Class III modes of actionI: Cholera Toxin
Enterotoxin. ADP-ribosylase that targets the intestine. ADP ribosylates an arginine residue on a G protein that controls cyclic AMP levels in the host cell. The cell will lose control of ion flow and results in massive water loss. 50-100 Liters of water lost as diarrhea.
Shiga Toxin
Enterotoxin. Ribonuclease (targets rRNA). This toxin cleaves host cell rRNA which results in the shutdown of protein synthesis.
Read botulism and tetanus C12: pg247-251
Botulinum toxins
Target peripheral neurons and cause flaccid paralysis
Tetanus toxins
Target CNS neurons and cause spastic paralysis
Class II mode of action: Listeriolysin O L. monocytogenes, Streptolysin O from S. pyogenes, and Alpha toxin from Staphylococcus aureus
Pore forming toxin bind to membrane and polymerize. Toxin inserts into membrane, creates channel, and the cell swells/lyses.

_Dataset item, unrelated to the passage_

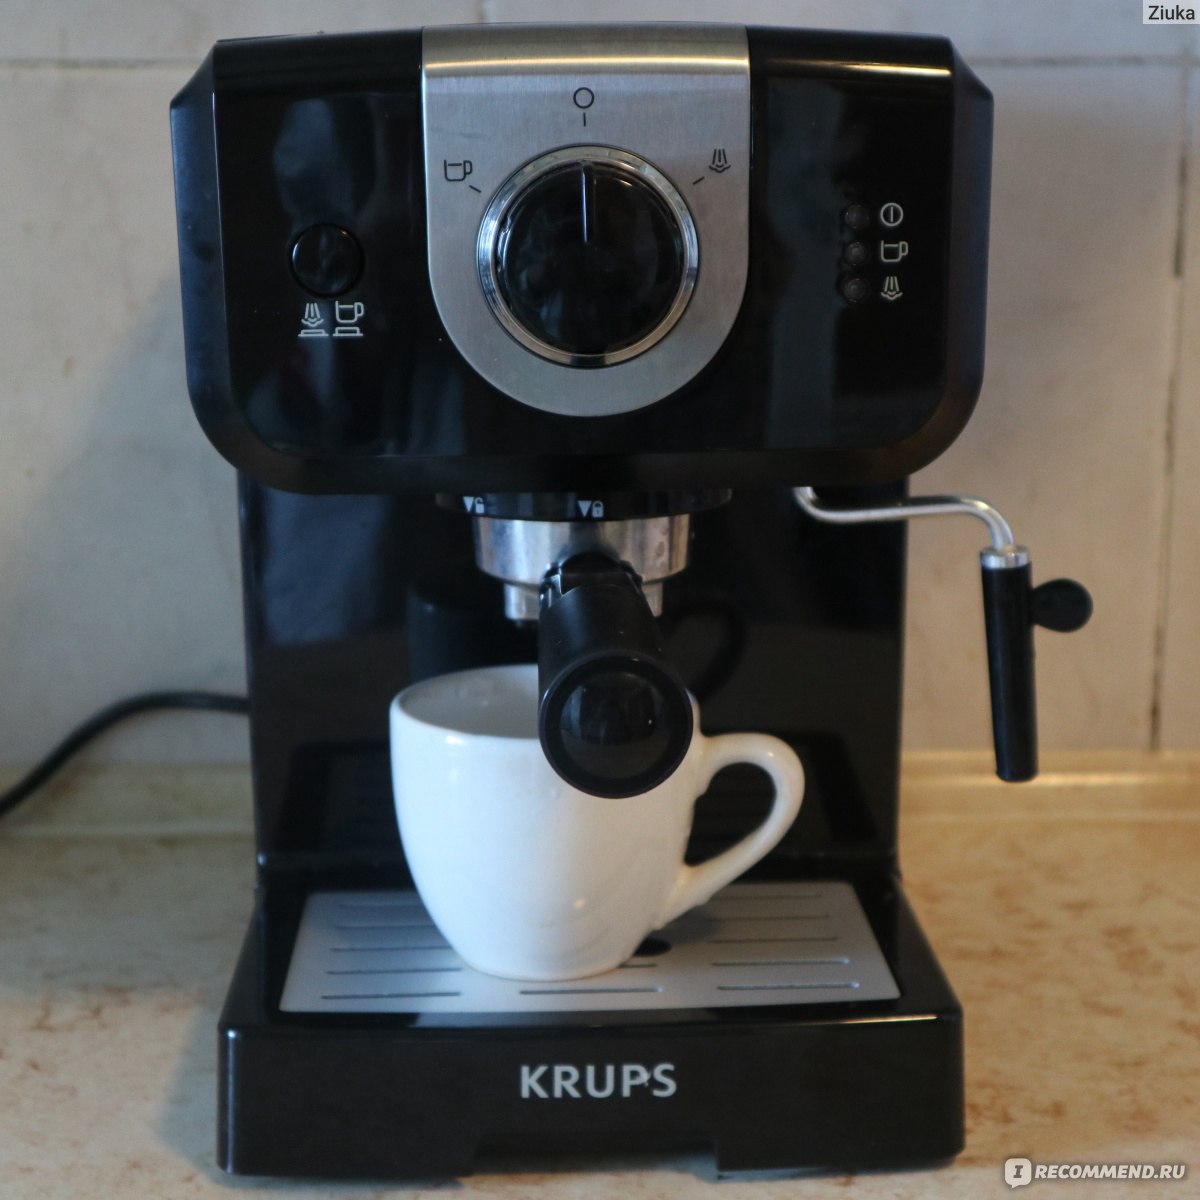 Инструкция кофеварки Krups 880 VIVO

Class II mode of action: Phospholipase C and D
Cleaves phosphate groups in membrane and it becomes unstable
Class I mode of action: Streptococcus and Staphylococcus
Mostly associated with GSP pathway. Superantigen engages Class II MHC The TH cell response is now nonspecific and causes toxic shock syndrome.
This process is independent of antigens. The abnormally high stimulation of T cells causes Massive release of cytokine IL-2 which leads to nausea, vomiting, fever, and may lead to death.